## Information provided
--*--
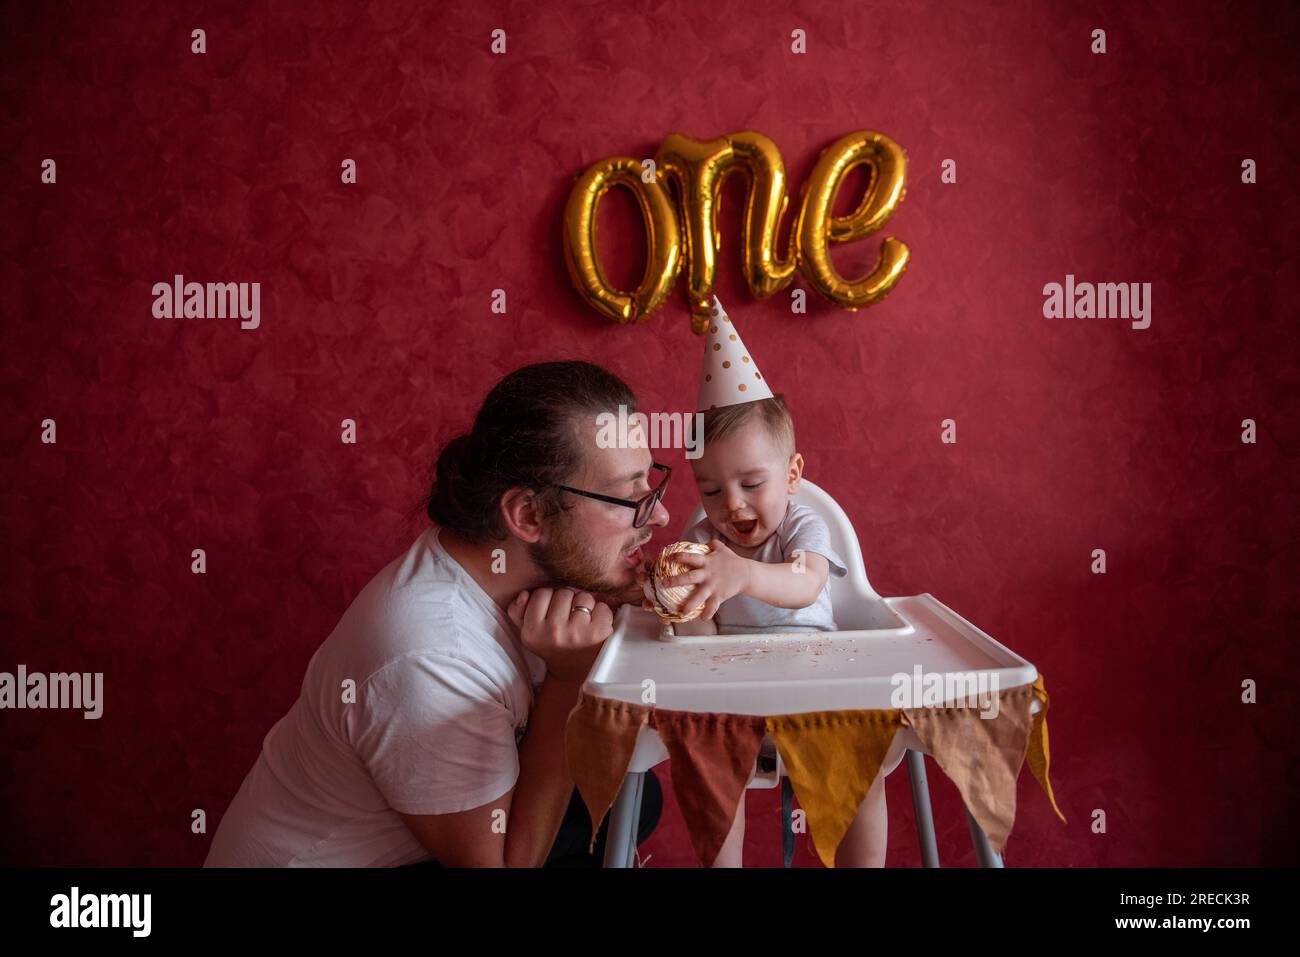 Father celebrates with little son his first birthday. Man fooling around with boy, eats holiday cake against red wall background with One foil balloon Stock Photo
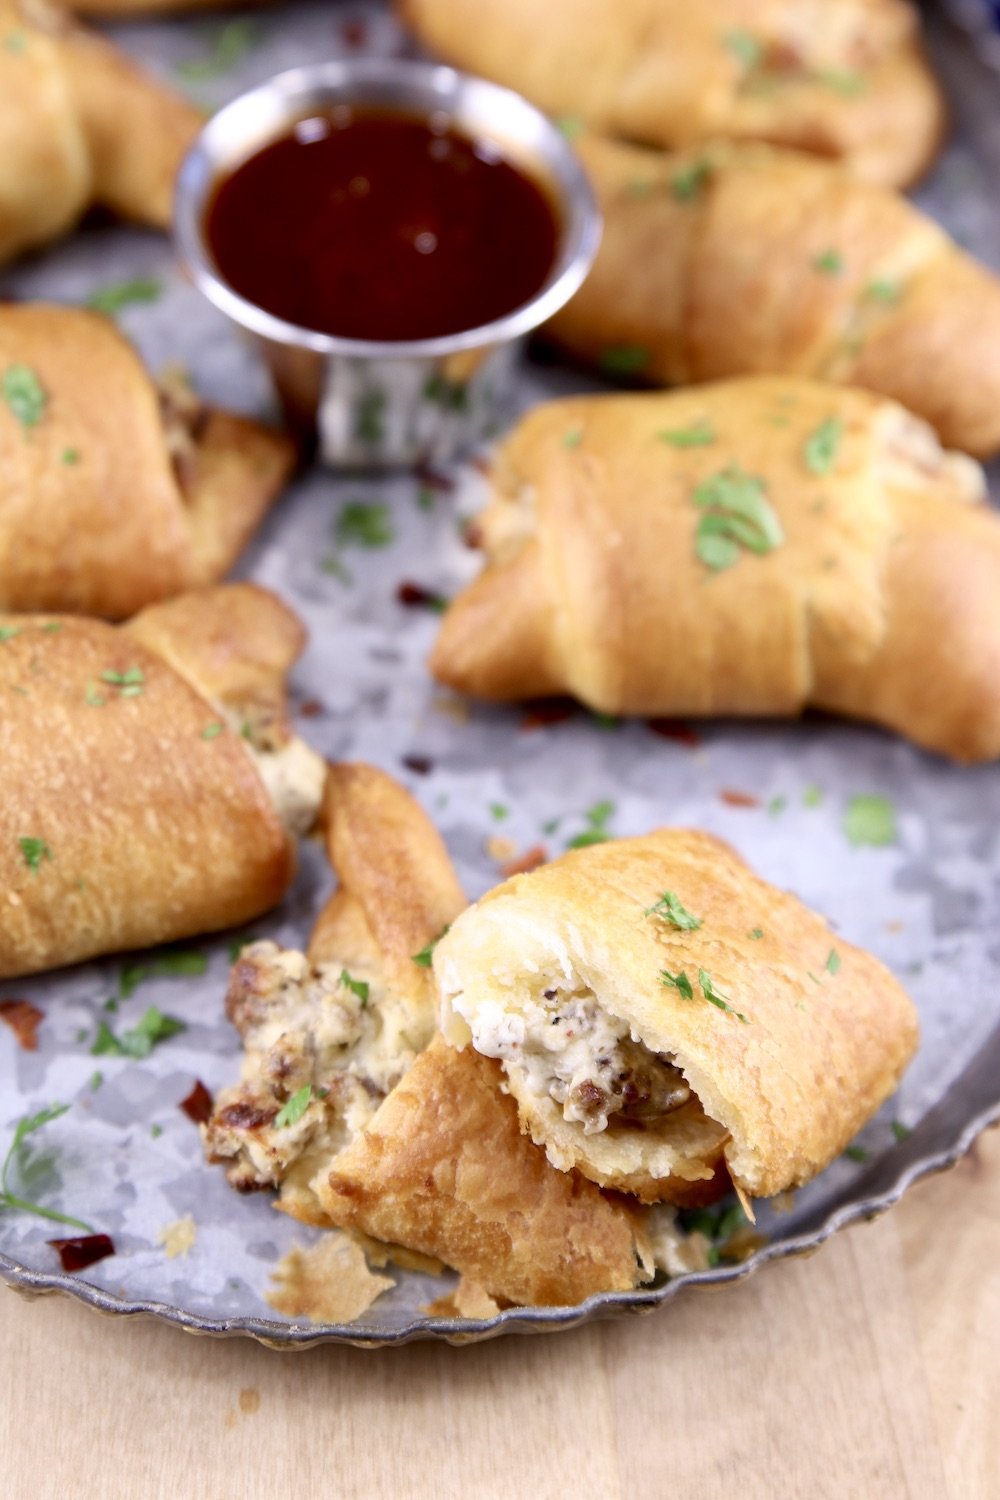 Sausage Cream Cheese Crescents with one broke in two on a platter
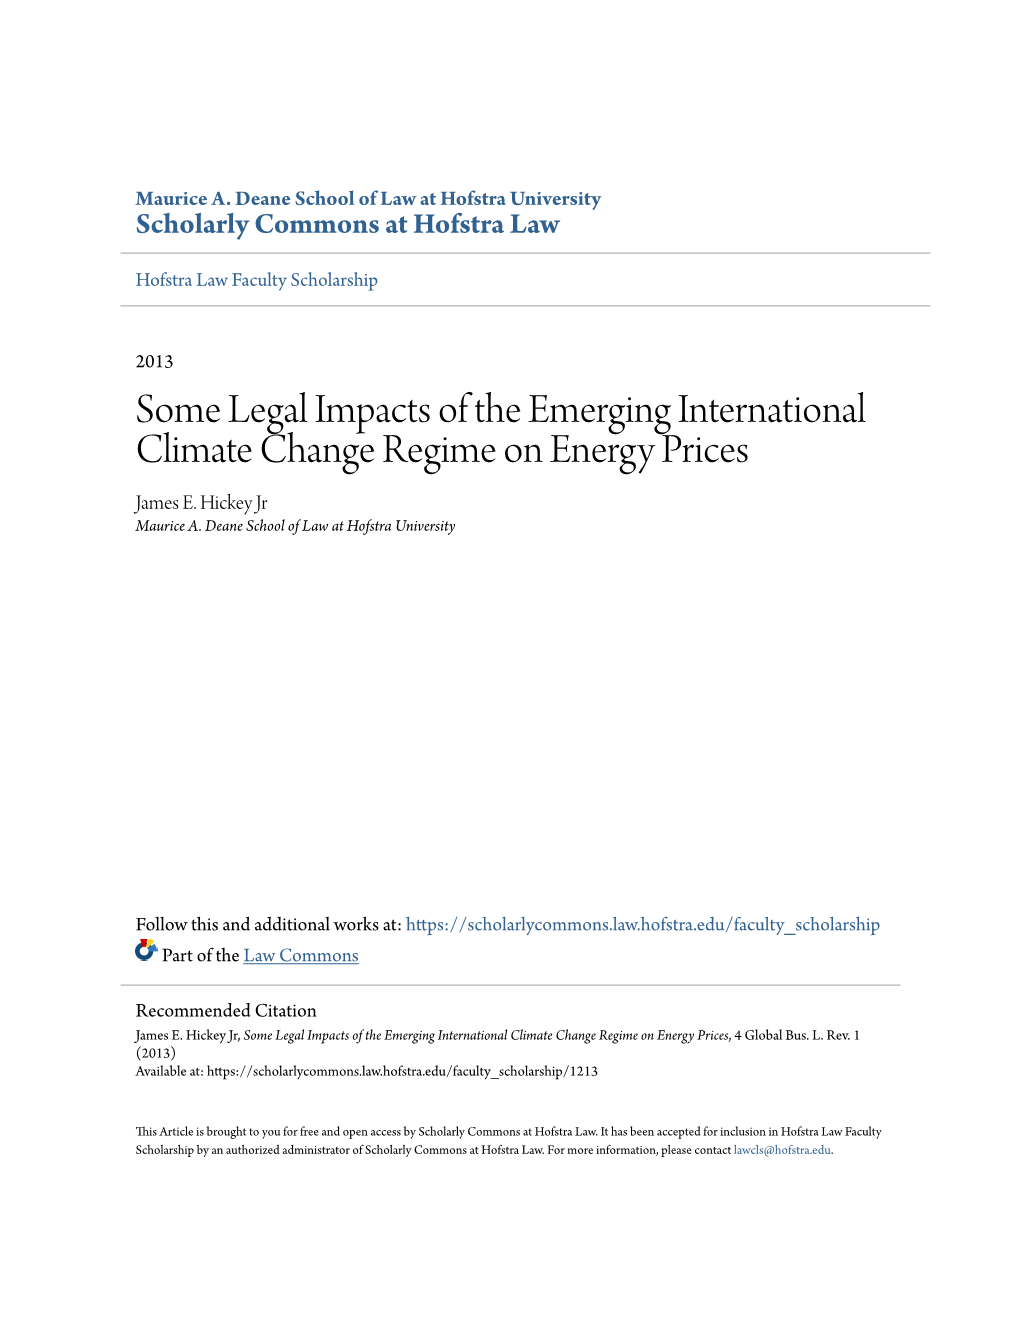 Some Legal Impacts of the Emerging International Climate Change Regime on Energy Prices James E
--*--
## Activity
Print the whole listing above exactly, and keep every picture out of the copy.

## Task answer
 Father celebrates with little son his first birthday. Man fooling around with boy, eats holiday cake against red wall background with One foil balloon Stock Photo
 Sausage Cream Cheese Crescents with one broke in two on a platter
 Some Legal Impacts of the Emerging International Climate Change Regime on Energy Prices James E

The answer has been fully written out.